◆ Entries supplied:
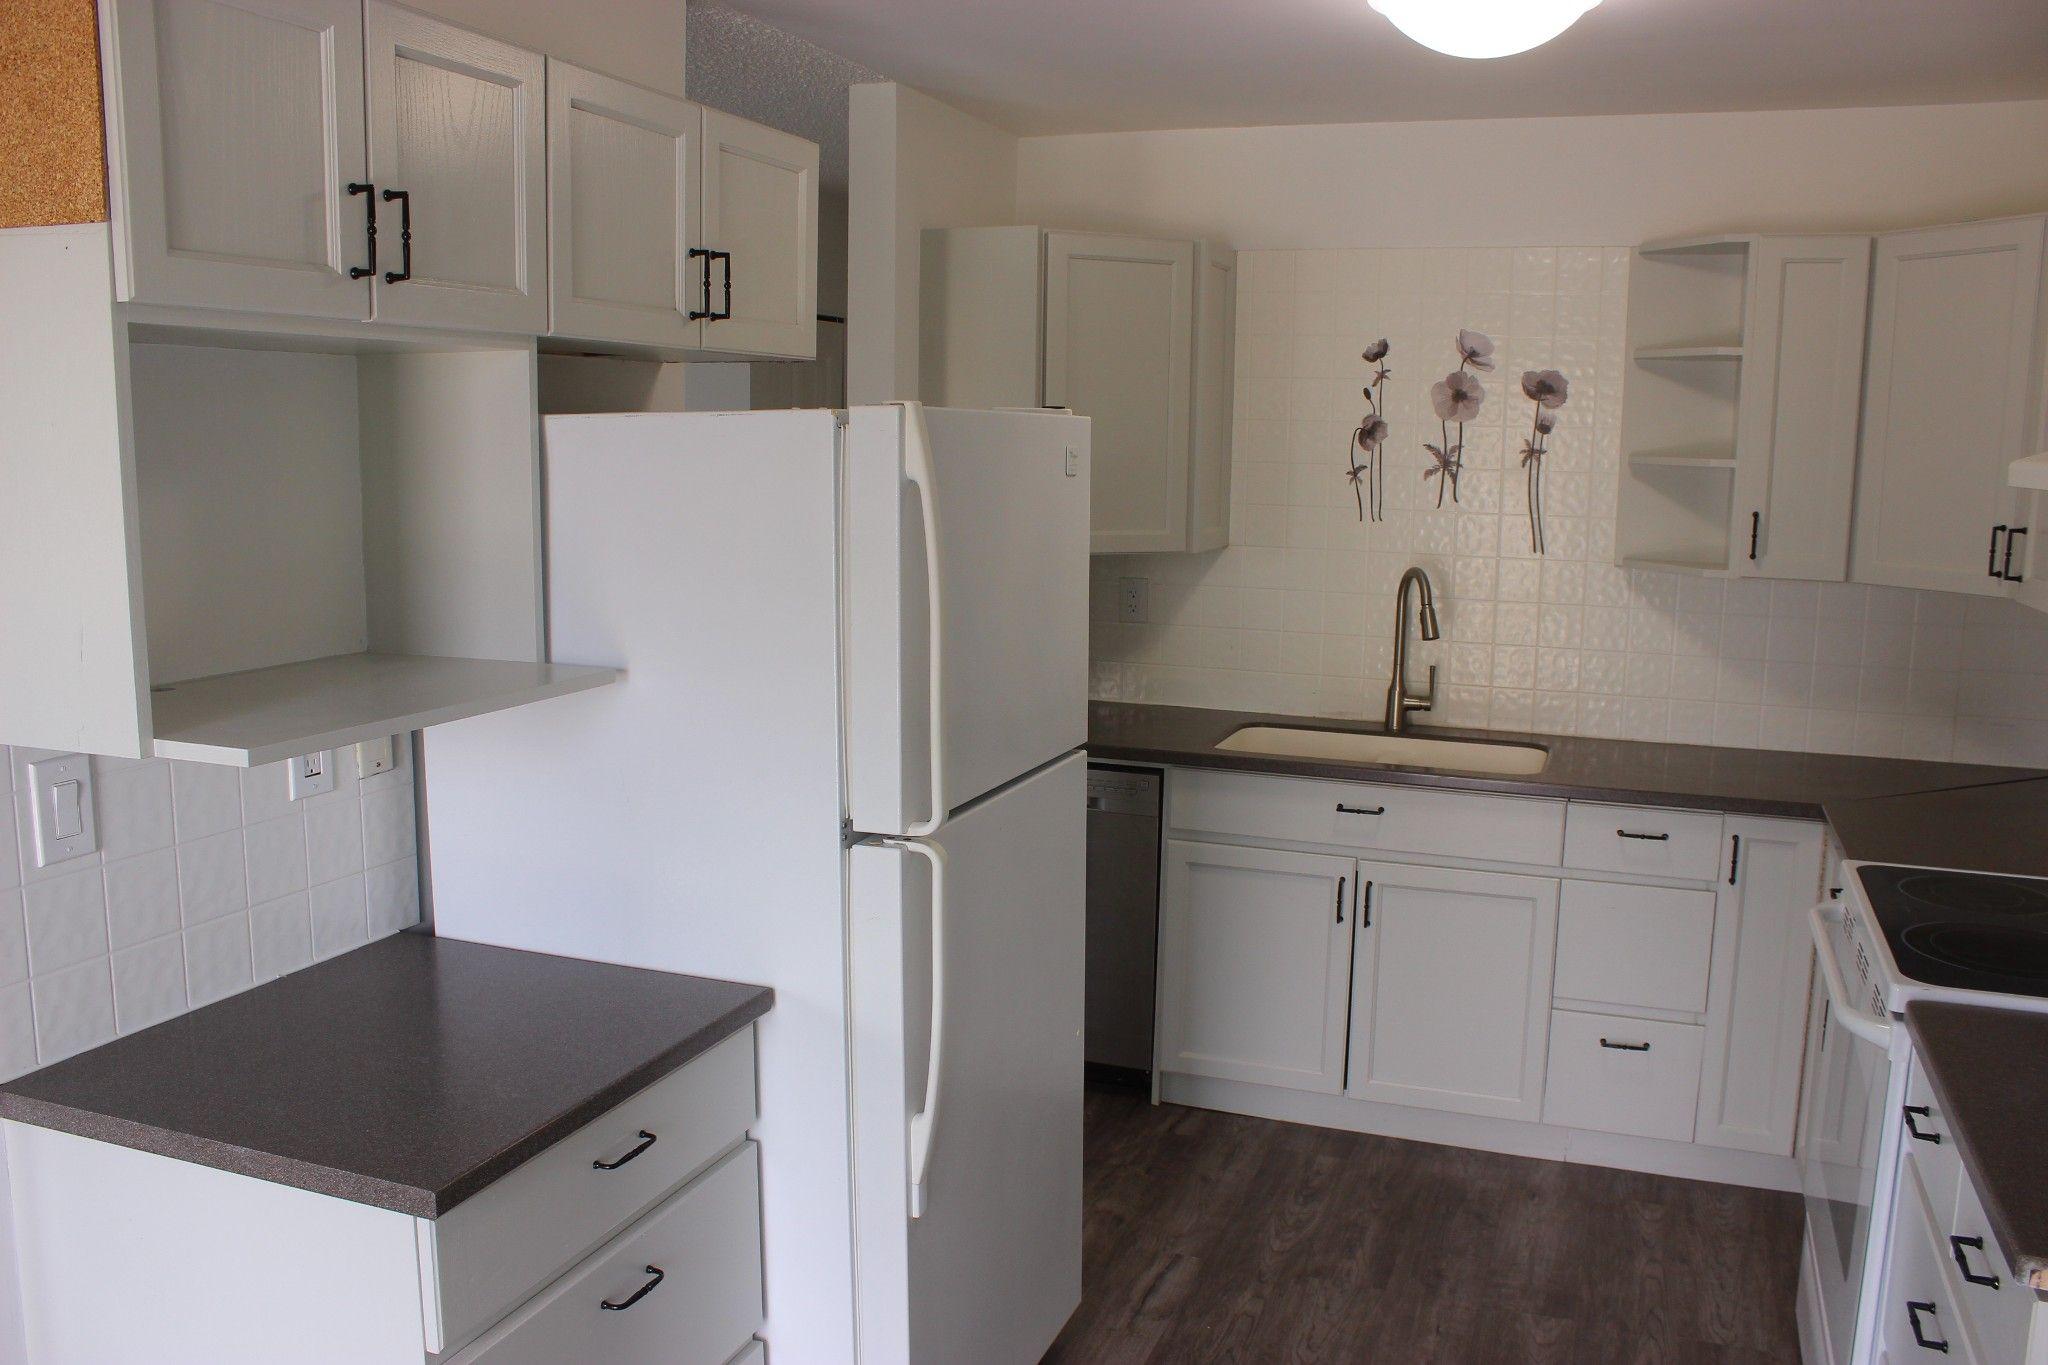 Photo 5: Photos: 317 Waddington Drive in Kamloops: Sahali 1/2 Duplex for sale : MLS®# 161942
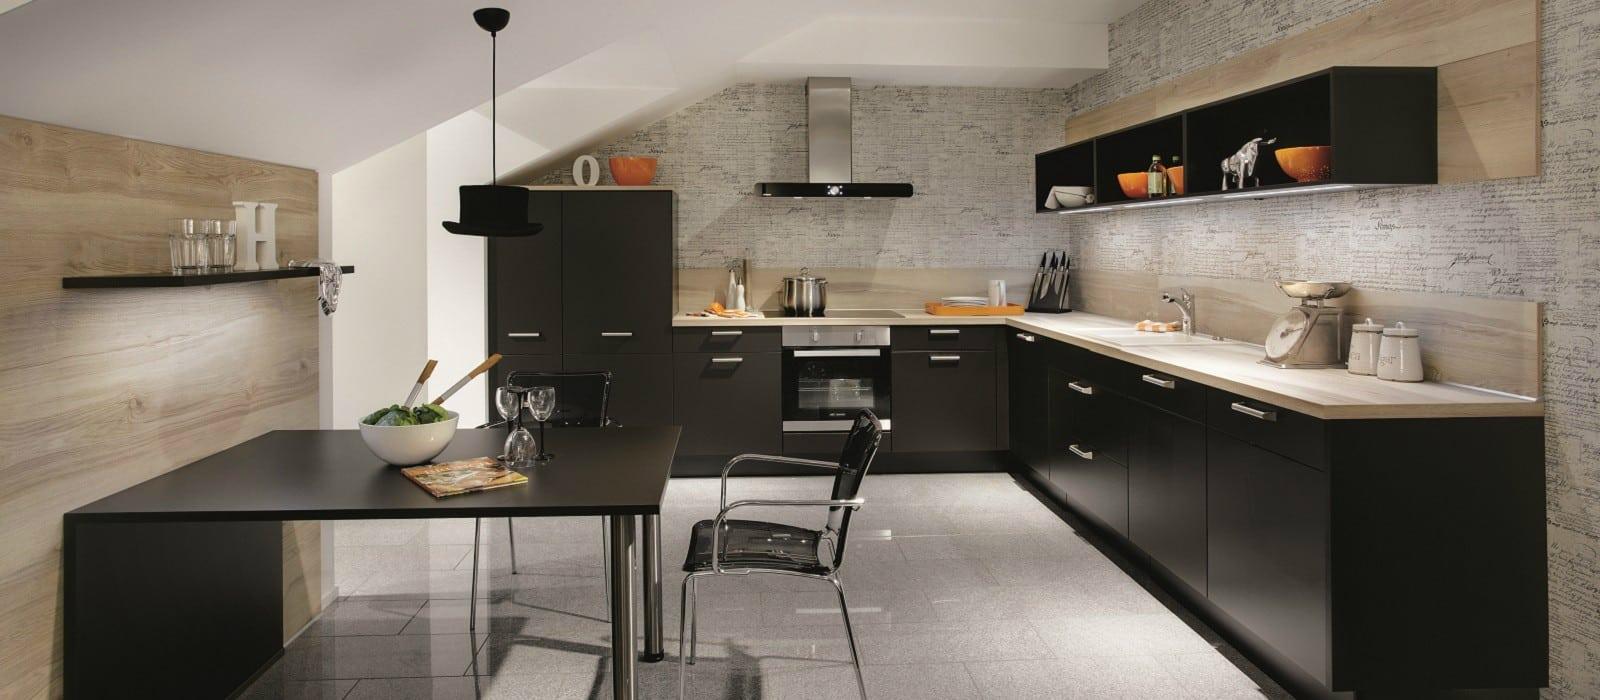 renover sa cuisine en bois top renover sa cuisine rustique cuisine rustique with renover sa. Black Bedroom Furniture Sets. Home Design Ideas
--
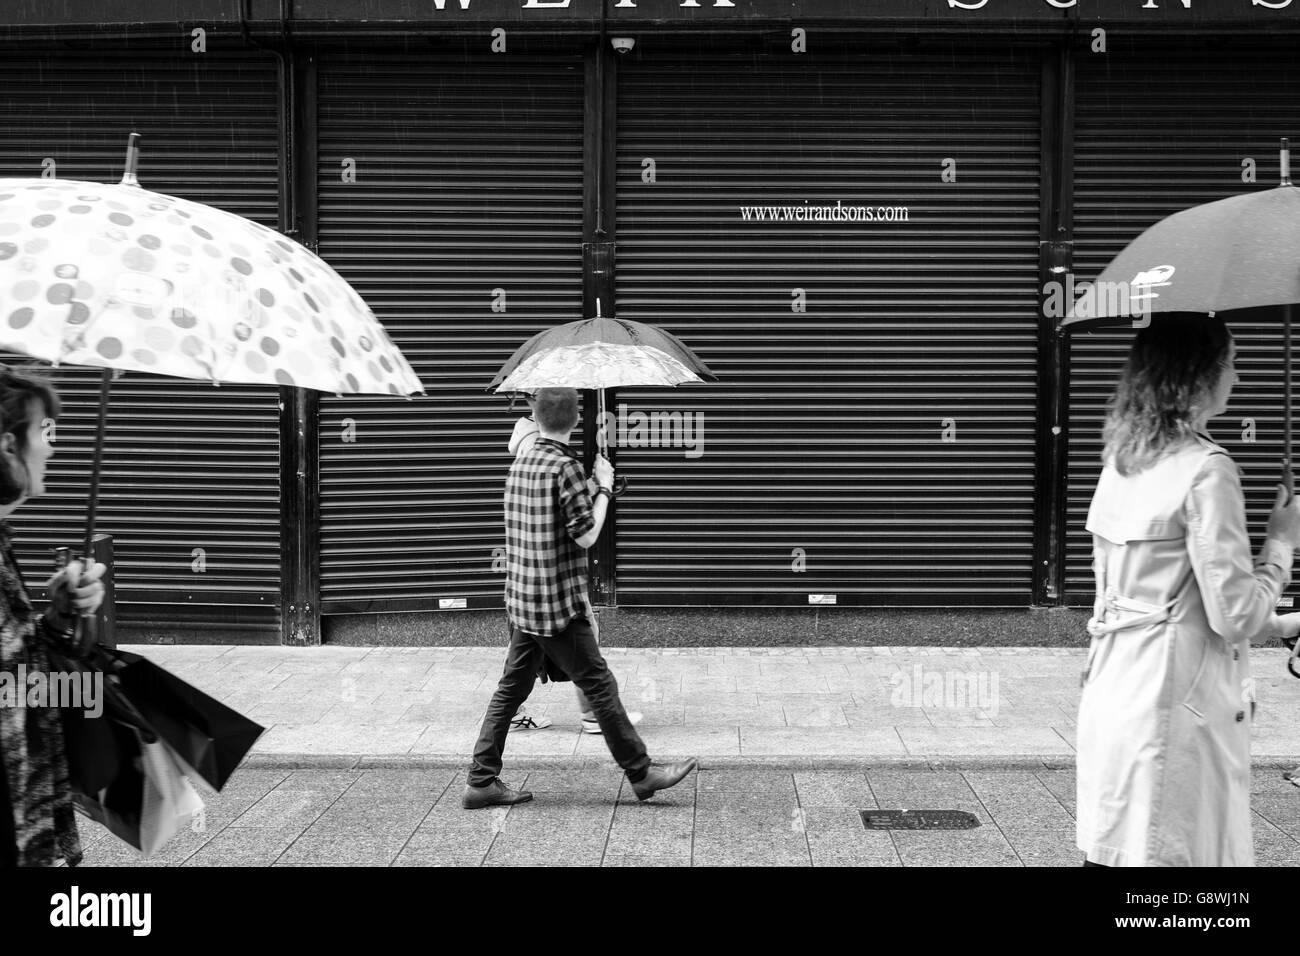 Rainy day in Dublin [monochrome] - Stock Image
---
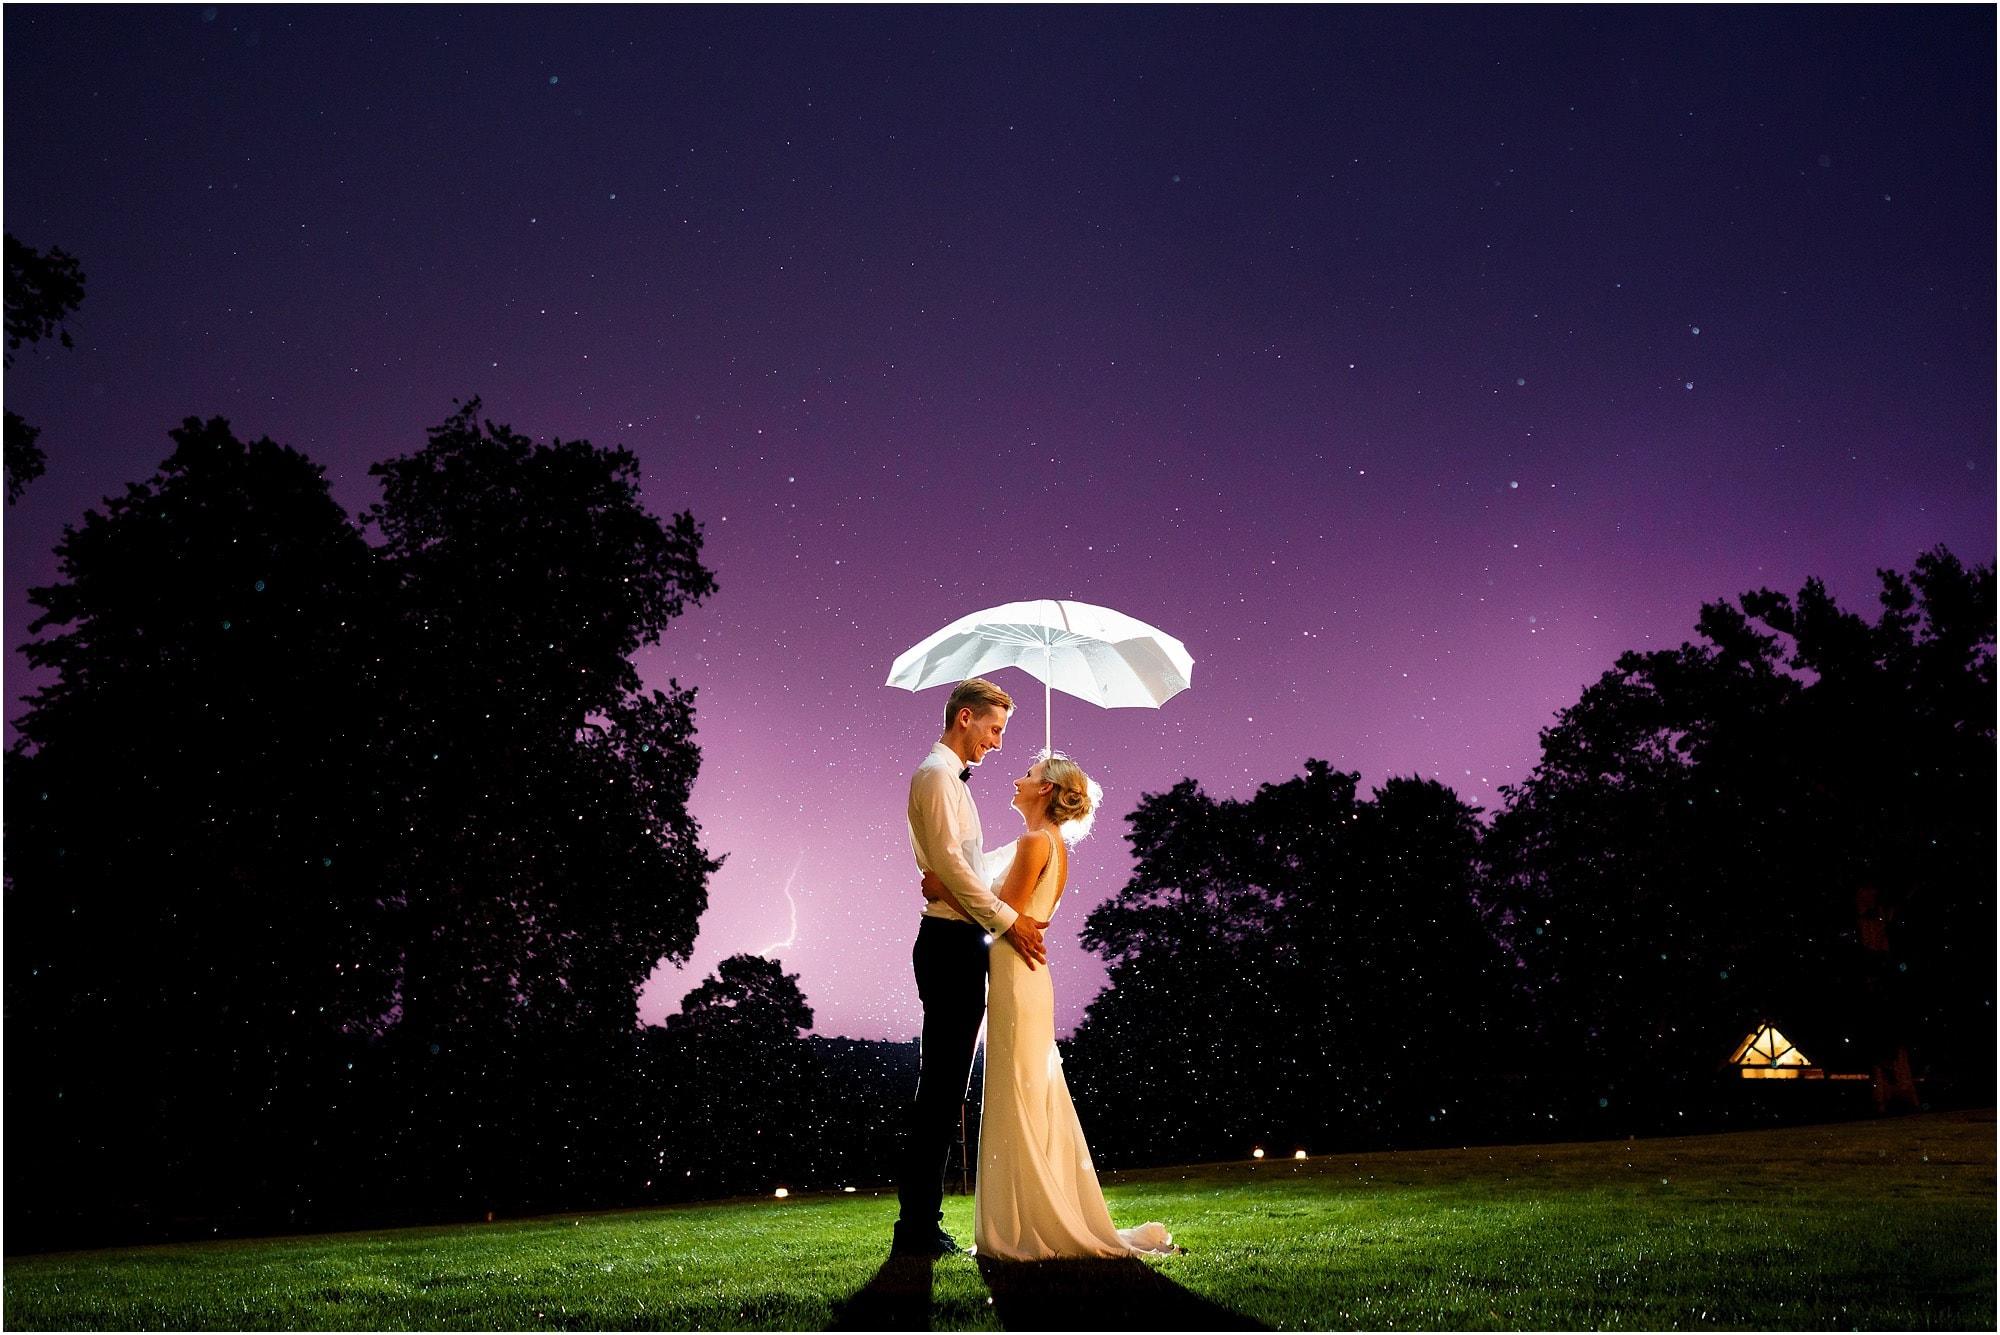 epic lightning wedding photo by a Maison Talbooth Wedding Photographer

◆ What is expected: Only one part of the material above is wanted: the lines from the one with "Photo 5: Photos: 317" up to and including the one with "renover sa cuisine en". Please copy them exactly, pictures left out.

◆ Answer to the problem:
 Photo 5: Photos: 317 Waddington Drive in Kamloops: Sahali 1/2 Duplex for sale : MLS®# 161942
 renover sa cuisine en bois top renover sa cuisine rustique cuisine rustique with renover sa. Black Bedroom Furniture Sets. Home Design Ideas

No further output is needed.